Le jugement sera donc confirmé en ce qu’il a déclaré le congé valable et en tous ses chefs de dispositif subséquents, étant observé seulement qu’il n’y a plus lieu de statuer sur l’expulsion et les délais pour quitter les lieux ; la cour observe que le principe et le montant de l’indemnité d’occupation ne sont pas discutés et doivent être également confirmés.
Sur la dette d’indemnités d’occupation
Il est de principe, en application du premier alinéa de l’article 1353 du code civil, que celui qui réclame l’exécution d’une obligation doit la prouver et que la preuve d’un paiement ou d’un non-paiement, fait juridique, peut être rapportée par tout moyen.

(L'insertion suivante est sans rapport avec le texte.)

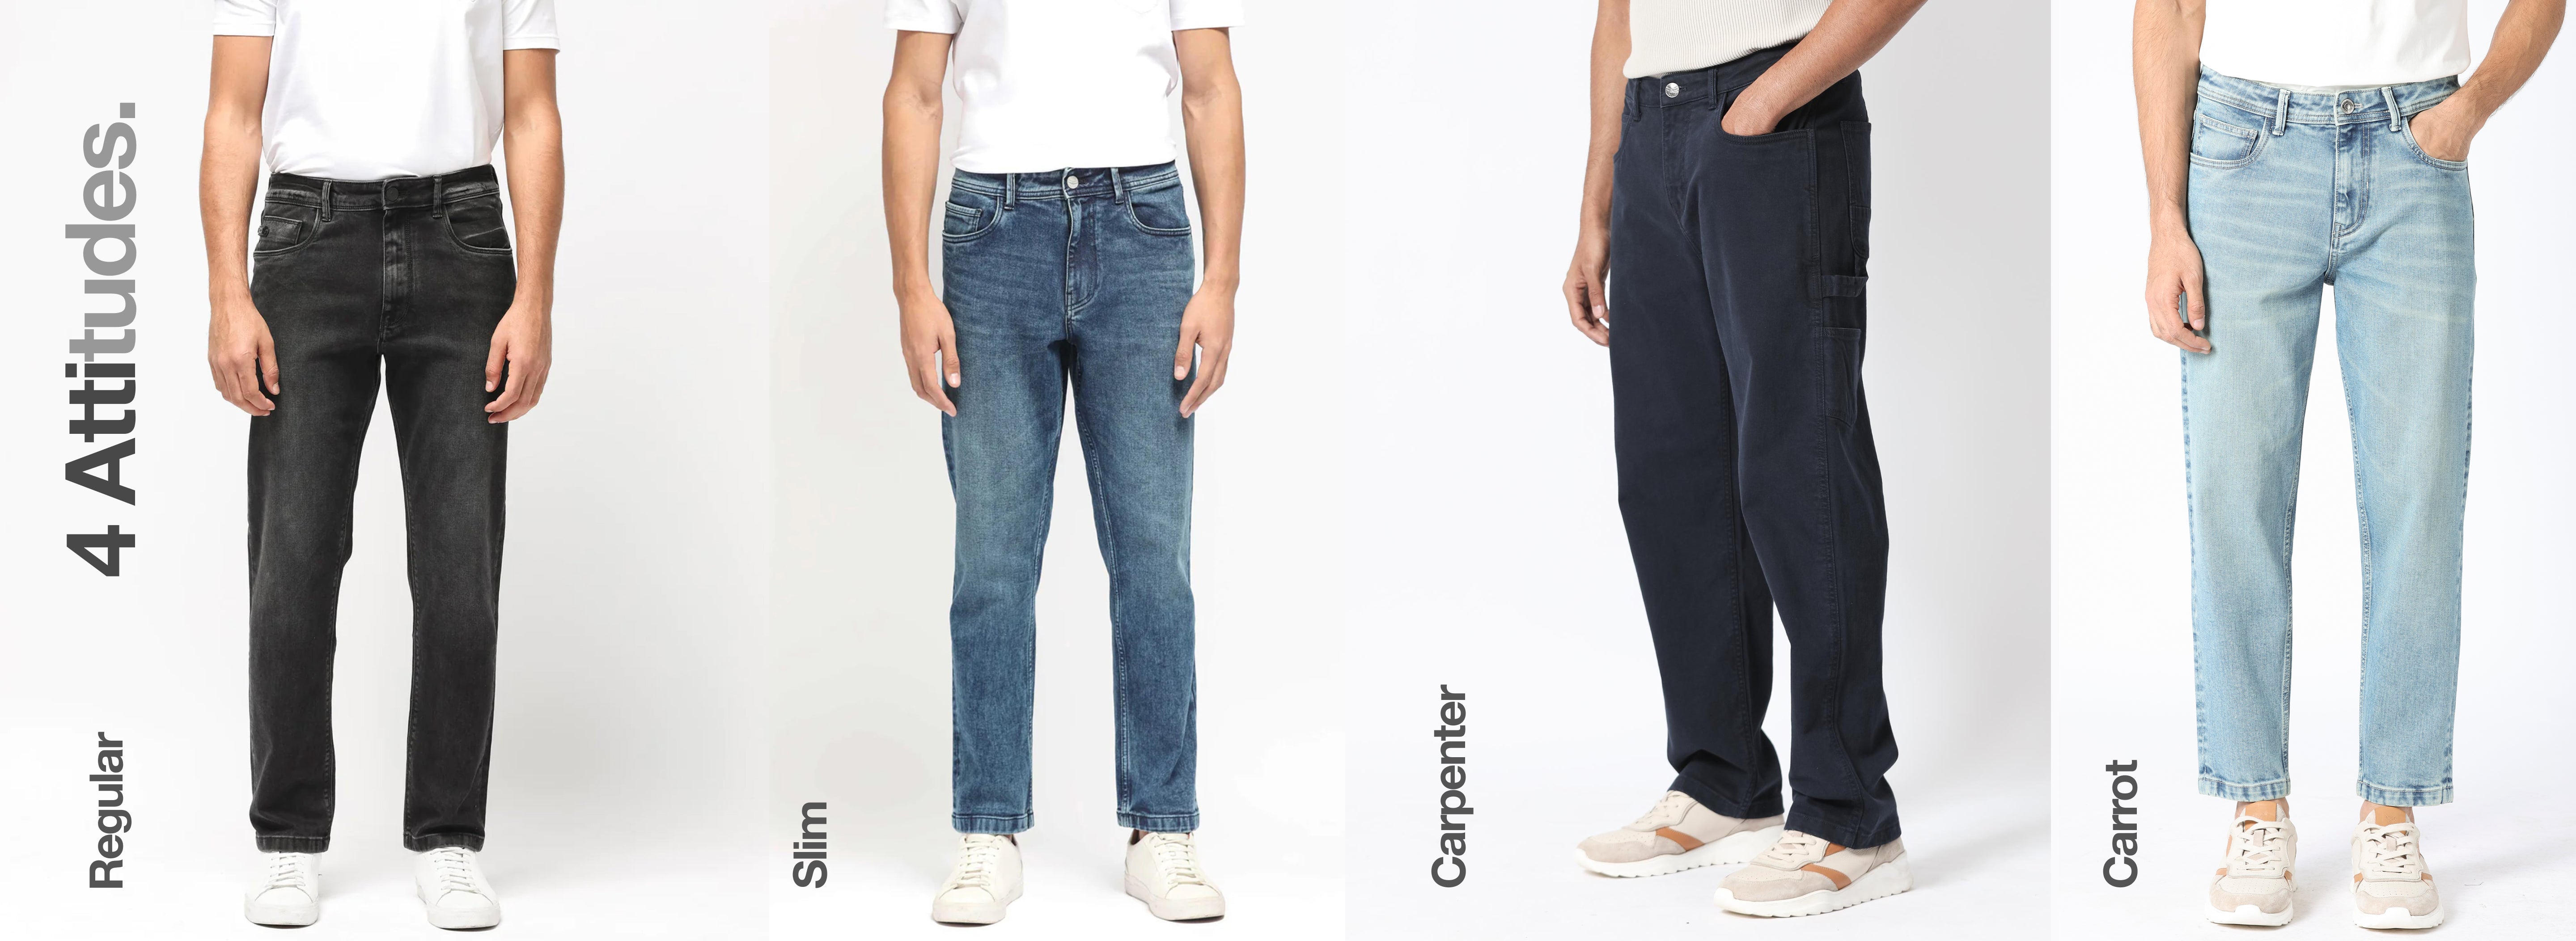 What color jeans goes with a charcoal black shirt? - Quora

Devant la cour d’appel, M. [T] [Y] justifie de la remise des clés le 26 avril 2024, l’huissier de justice ayant constaté que le logement comportait des dégradations et était dans un 'état de saleté repoussante’ et de ce que M. [D] [N] [I] a cessé de payer l’ indemnité d’occupation fin décembre 2023, de sorte qu’il reste débiteur d’une dette d’indemnité d’occupation de 812 euros, arrêtée au 25 avril 2024 (soit du 1er janvier 2024 au 25 avril 2024, 3 mois et 26 jours, pour un montant mensuel de 210 euros), hors charges locatives.
M. [D] [N] [I] ne conteste pas cette somme ni ne démontre avoir procédé à des versements qui n’auraient pas été pris en compte.

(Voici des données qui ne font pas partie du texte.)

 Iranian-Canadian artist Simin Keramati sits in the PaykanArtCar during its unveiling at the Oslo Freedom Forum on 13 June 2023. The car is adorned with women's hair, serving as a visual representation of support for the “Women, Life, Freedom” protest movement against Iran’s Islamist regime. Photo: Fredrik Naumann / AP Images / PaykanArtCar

Il conviendra donc, ajoutant au jugement, d’accueillir la demande de condamnation formée par l’intimé, étant précisé que le paiement des charges locatives est déjà prévu par le jugement, qui constitue déjà le titre exécutoire de principe dont bénéficie M. [Y], lequel ne se prévaut pas d’une dette précise à cet égard.
Sur l’article 700 du code de procédure civile :
Les termes de la présente décision ne justifient pas d’infirmer le jugement en ce qui concerne les dépens et les frais de l’article 700 de première instance.
S’agissant de l’instance d’appel il convient d’allouer à M. [Y] une indemnité de procédure de 800 euros.
Les dépens d’appel comprendront les frais du commandement de quitter les lieux du 9 novembre 2023 et le procès-verbal d’expulsion du 26 avril 2024 qui ont été nécessaires à l’intimé pour obtenir restitution des lieux.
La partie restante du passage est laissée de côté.